# Help with La Pavoni needed



## Xenopus (Jan 25, 2019)

Hi

I bought a used La Pavoni (old 2 switch model) a few months ago but am struggling. Some espressos/ristrettos come out beautifully but others are not good. And I just can't make microfoam for lattes. I've read hundreds of articles here and watched lots of YouTube videos but I'm still struggling. Is there anyone in this group who lives near me (I'm in Bromley, SE London/NW Kent) who'd be happy to spend half an hour showing me how to do it? - I'm retired so could visit anytime with my machine. Thanks, Andy.


----------



## Nopapercup (Nov 6, 2016)

I can't be much help with the milk as I don't drink it but by all accounts you should change the steaming tip to a one hole one.

With the shot, if you are making good shots occasionally and bad shots the rest of the time than one or more of your variables is changing. You need to try and keep everything as consistent as possible. I would buy a kilo of beans and get the hang of it before changing. Do you have temperature strips and are you using a good grinder?

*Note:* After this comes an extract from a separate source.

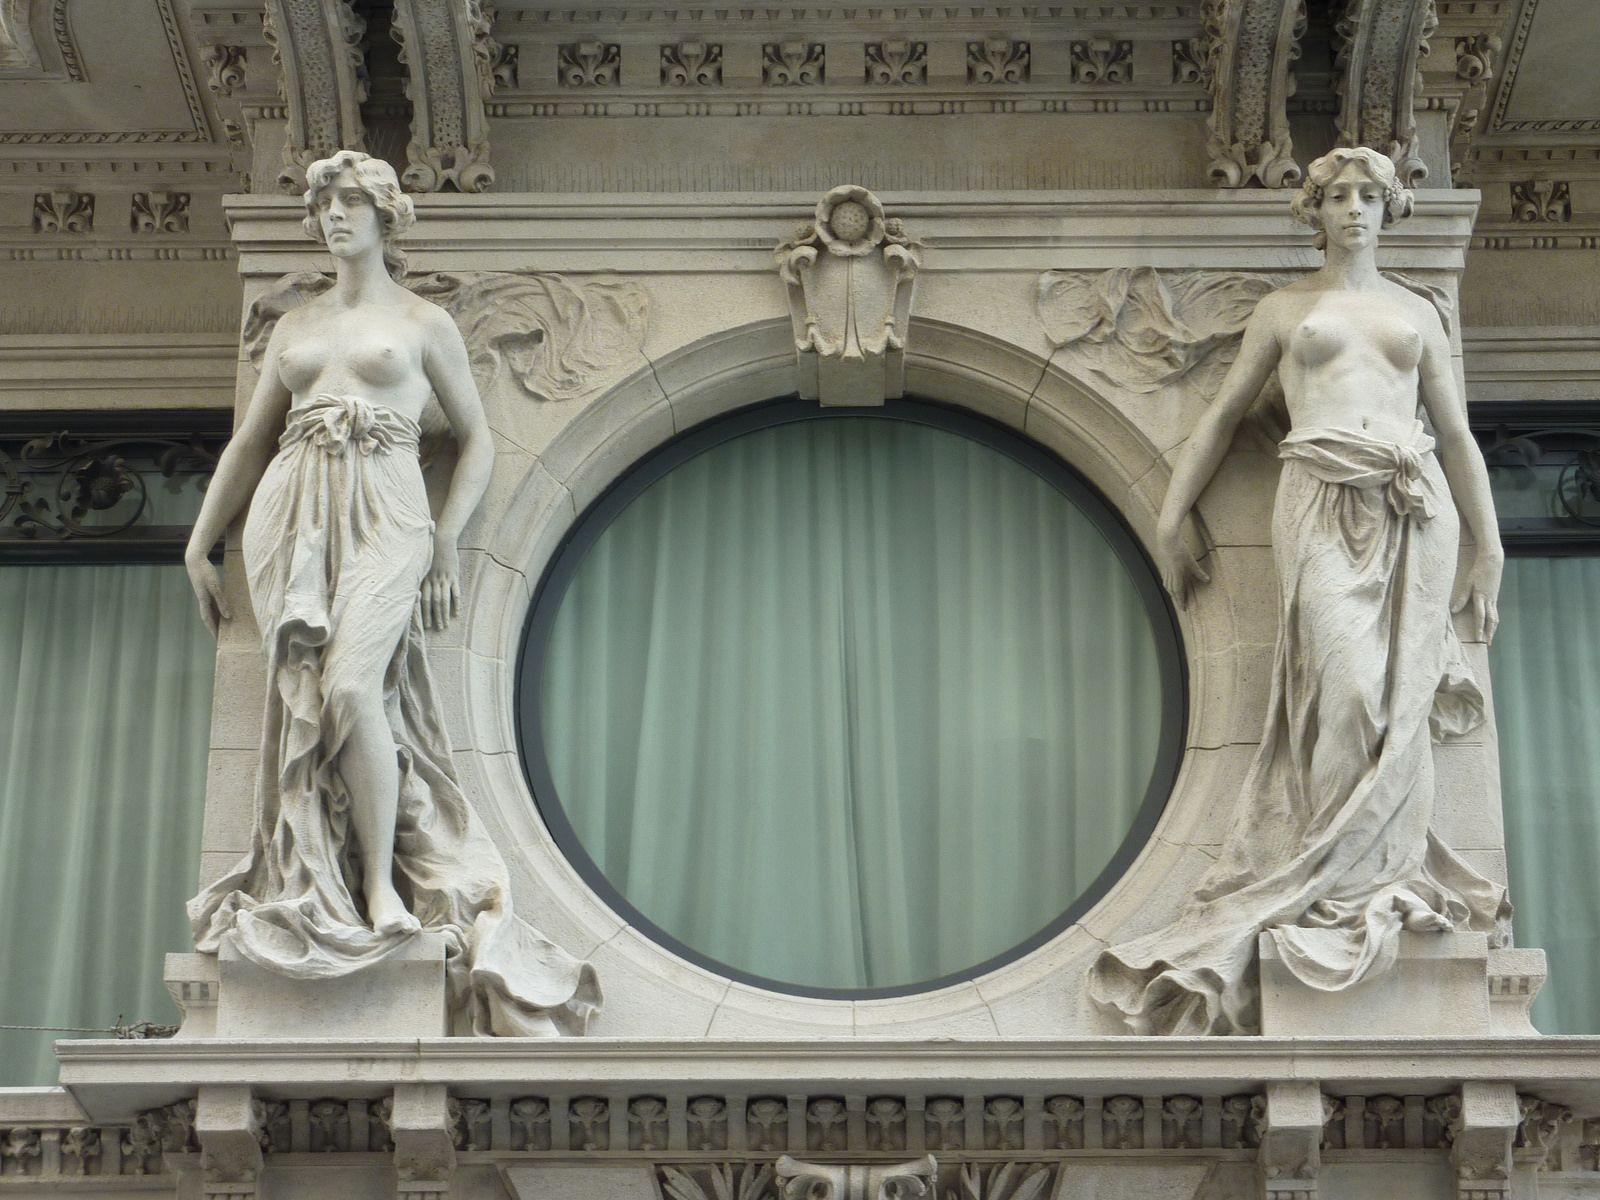 Trieste, Woman statues on a building     #TuscanyAgriturismoGiratola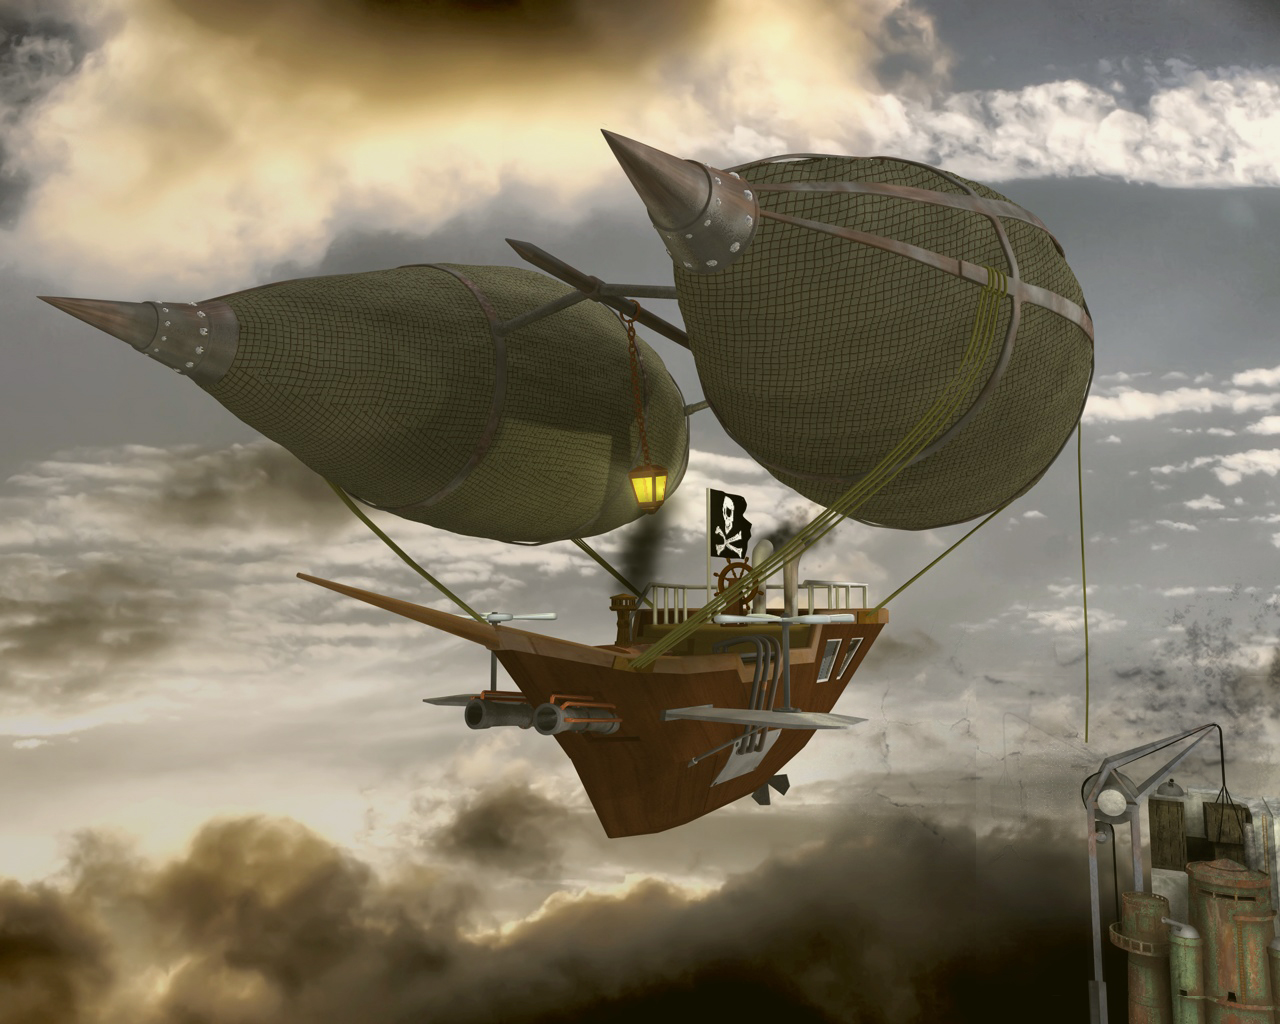 airship_by_jambioo.jpg

Weighing in and out is also essential.

Im not currently in London to come help and if no one else is it may be worth taking a video of your routine so Pavoni owners on here can give you some feedback.


----------



## MartinB (May 8, 2011)

I had a lever machine a couple of years ago and i've recently returned to using one again, and enjoying the learning curve.

Echoing the above comment - definitely get a single hole steam tip, this will dramatically improve steaming of your milk into something that you can actually control! The stock 3/4 hole tip literally would heat my milk in about 30 seconds with little allowance for any kind of technique such as creating a whirlpool and plunging the wand to create texture.

Again, echoing the above reply - Weighing in/out - invest in a pair of scales - eBay £5 jobbies will do, and weigh in and out. I've been experimenting with 14-17g of coffee recently (double basket) and still learning.

Temperature - the Pavoni is a relatively sensitive beast, i've popped a stick-on thermometer onto my grouphead and get it up to around 95 degrees, then removing portafilter and preparing the shot. Extraction is at around 95 degrees.

This is all still a learning curve, however these 3 elements help me to know what is going on with the machine and keeping an eye on repeatability/consistency.


----------



## Xenopus (Jan 25, 2019)

Thanks for the responses. I've ordered a strip thermometer for the grouphead and will report back the results. Yes I must weigh the beans! One (self imposed) problem I have is that I roast three types of bean every approx 10 days and then randomly blend them for each espresso so that no two coffees are exactly the same - this worked on my old machine (which I gather had a pressurised portafilter). I do this to avoid what I call "the lobster problem" - in Victorian times lobsters were so cheap that servants would have written into their contracts that they were NOT to be given lobster more than 3 times a week - in other words, even the most delicious foods in the world can become boring if we have them too often, thus "quality" must be defined as including variability or novelty (I know, I'm probably completely mad - "Zen and the Art of Motorcycle Maintenance" had a big impact on me as an impressionable student many moons ago).

I have now purchased 3 acorn nuts and drilled 1.4, 1.5 and 1.6mm holes in them and the 1.5mm single hole nut certainly gets me great foam that floats on the top but is too foamy for my morning latte art. I'll persevere with my micro-foaming technique and if necessary do as suggested and video it so that someone wiser than me can spot the error of my ways!

Thanks for the suggestions. I'm really enjoying this machine - occasionally (ie, by pure luck) one of my afternoon ristrettos comes out brilliantly, and that makes it all worthwhile!


----------